# Data Science / Data Wrangling

In [1]:
import numpy as np
import pandas as pd
import xgboost as xgb
from sklearn.datasets import load_iris
from sklearn.model_selection import train_test_split
from sklearn.metrics import accuracy_score

# Load the Iris dataset
iris = load_iris()
X = iris.data
y = iris.target

# Split the data into training and testing sets
X_train, X_test, y_train, y_test = train_test_split(
    X, y, test_size=0.2, random_state=42
)

# Convert the data into DMatrix format (a specific data structure used by XGBoost)
dtrain = xgb.DMatrix(X_train, label=y_train)
dtest = xgb.DMatrix(X_test, label=y_test)

import mlflow
import mlflow.xgboost

mlflow.set_tracking_uri("http://localhost:5000")
mlflow.set_experiment("my-only-experiment")

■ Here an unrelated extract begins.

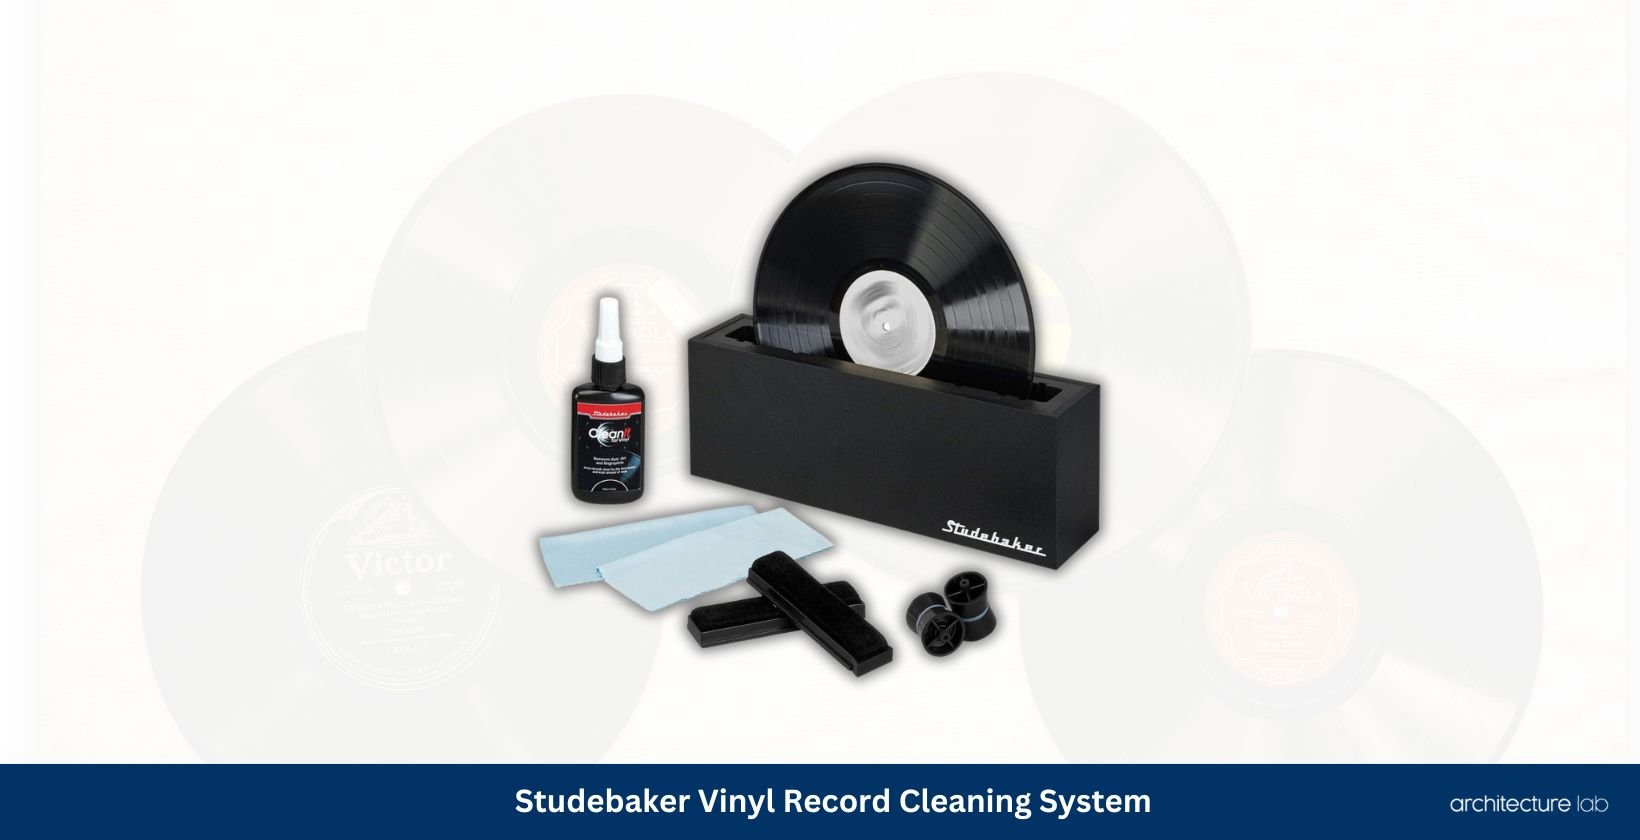 Studebaker vinyl record cleaning system

with mlflow.start_run() as run:
    # Set the hyperparameters for the XGBoost model
    params = {
        "objective": "multi:softmax",  # Classification task with multiple classes
        "num_class": 3,  # Number of classes in the target variable
        "max_depth": 10,  # Maximum depth of each tree
        "eta": 0.1,  # Learning rate (step size shrinkage)
        "subsample": 0.8,  # Subsample ratio of the training instances
        "colsample_bytree": 0.8,  # Subsample ratio of columns when constructing each tree
        "eval_metric": "merror",  # Evaluation metric for multi-class classification (classification error)
    }

    mlflow.log_params(params)

    # Train the XGBoost model
    num_rounds = 100  # Number of boosting rounds (iterations)
    model = xgb.train(params, dtrain, num_rounds)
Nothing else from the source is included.